Leggo l’articolo della Stampa che parla dell’ultimo tragico avvenimento relativo ad una giovane mamma che ha posto fine alla vita del proprio figlio.
Si legge che in molti casi queste persone spiegano il gesto con la frase «ho dovuto farlo per salvarlo dalla vita». In questi casi si suppone che alla base vi sia un vero e proprio “gesto d’amore”, anche se vissuto e agito in chiave francamente psicotica.
Si può immaginare dunque che l’affermazione sia “vera”, che cioè sia stata proprio quella la motivazione: vedo l’orrore di questa vita, amo mio figlio e lo voglio difendere, lo sottraggo a questo orrore. Psicotico, ma con una logica.
Nel discorso comune, questa “spiegazione” non solo non viene compresa ma chi la pronuncia viene condannato una volta di più. La sensibilità verso la psicopatologia (specchio di un male di vivere che in ogni caso ci accomuna tutti, con gradi differenti) è ancora molto lontana dall’essere oggetto di interesse della comunità.

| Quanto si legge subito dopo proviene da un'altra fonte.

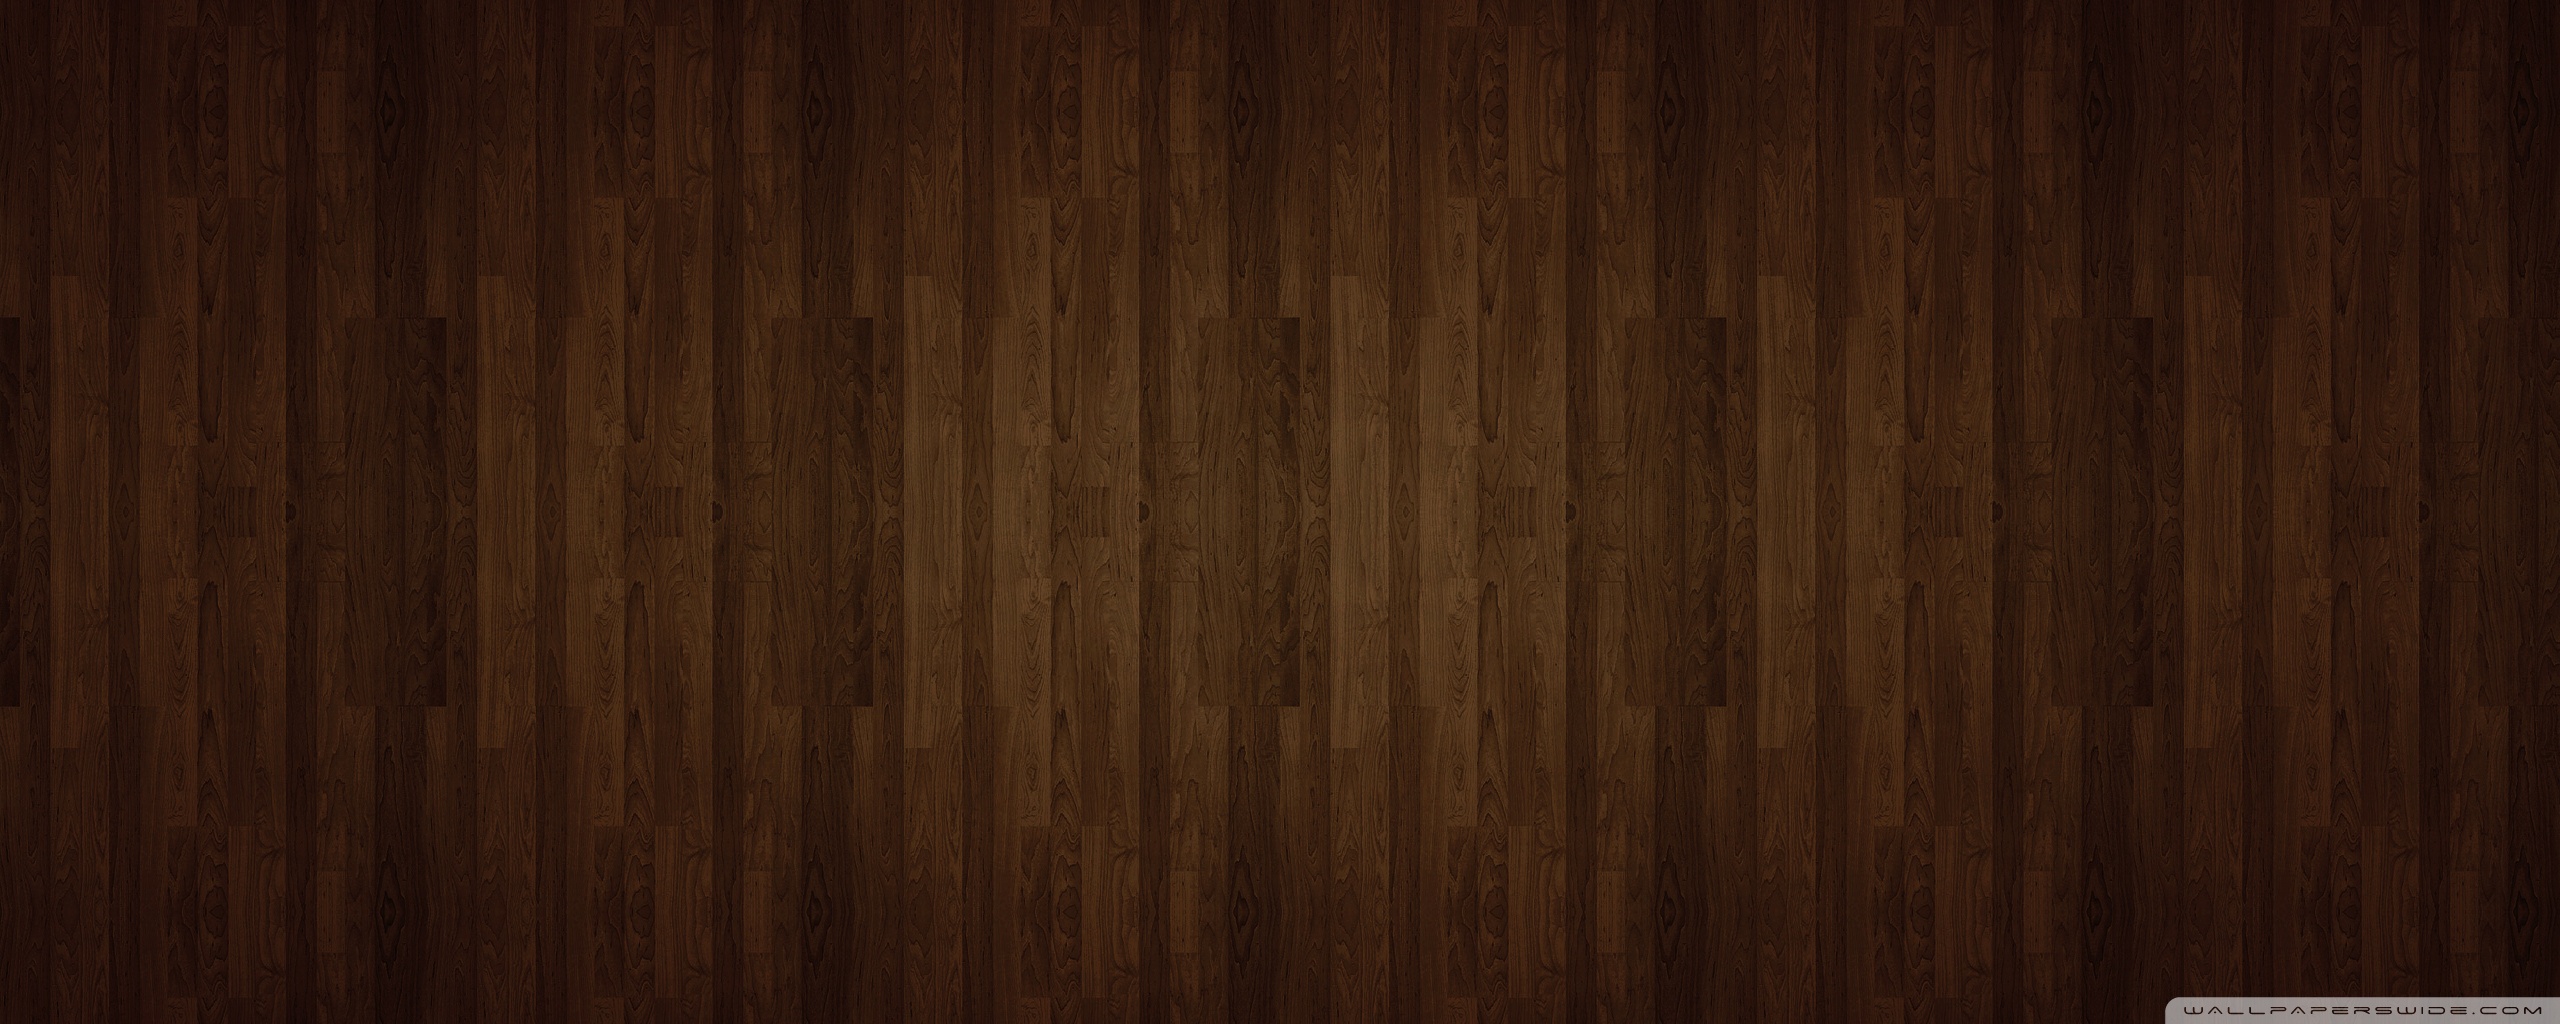 Wood Floor Texture Wallpaper 2560x1024 55888

Nei momenti peggiori, chi non si è interrogato sull’opportunità di aver messo al mondo (così brutto) un figlio? Chi porta alle estreme conseguenze questo interrogativo non è un mostro, è una persona profondamente sofferente, figlia di una società sempre più disumanizzante, che prima lascia sola chi soffre e poi la condanna senza comprensione.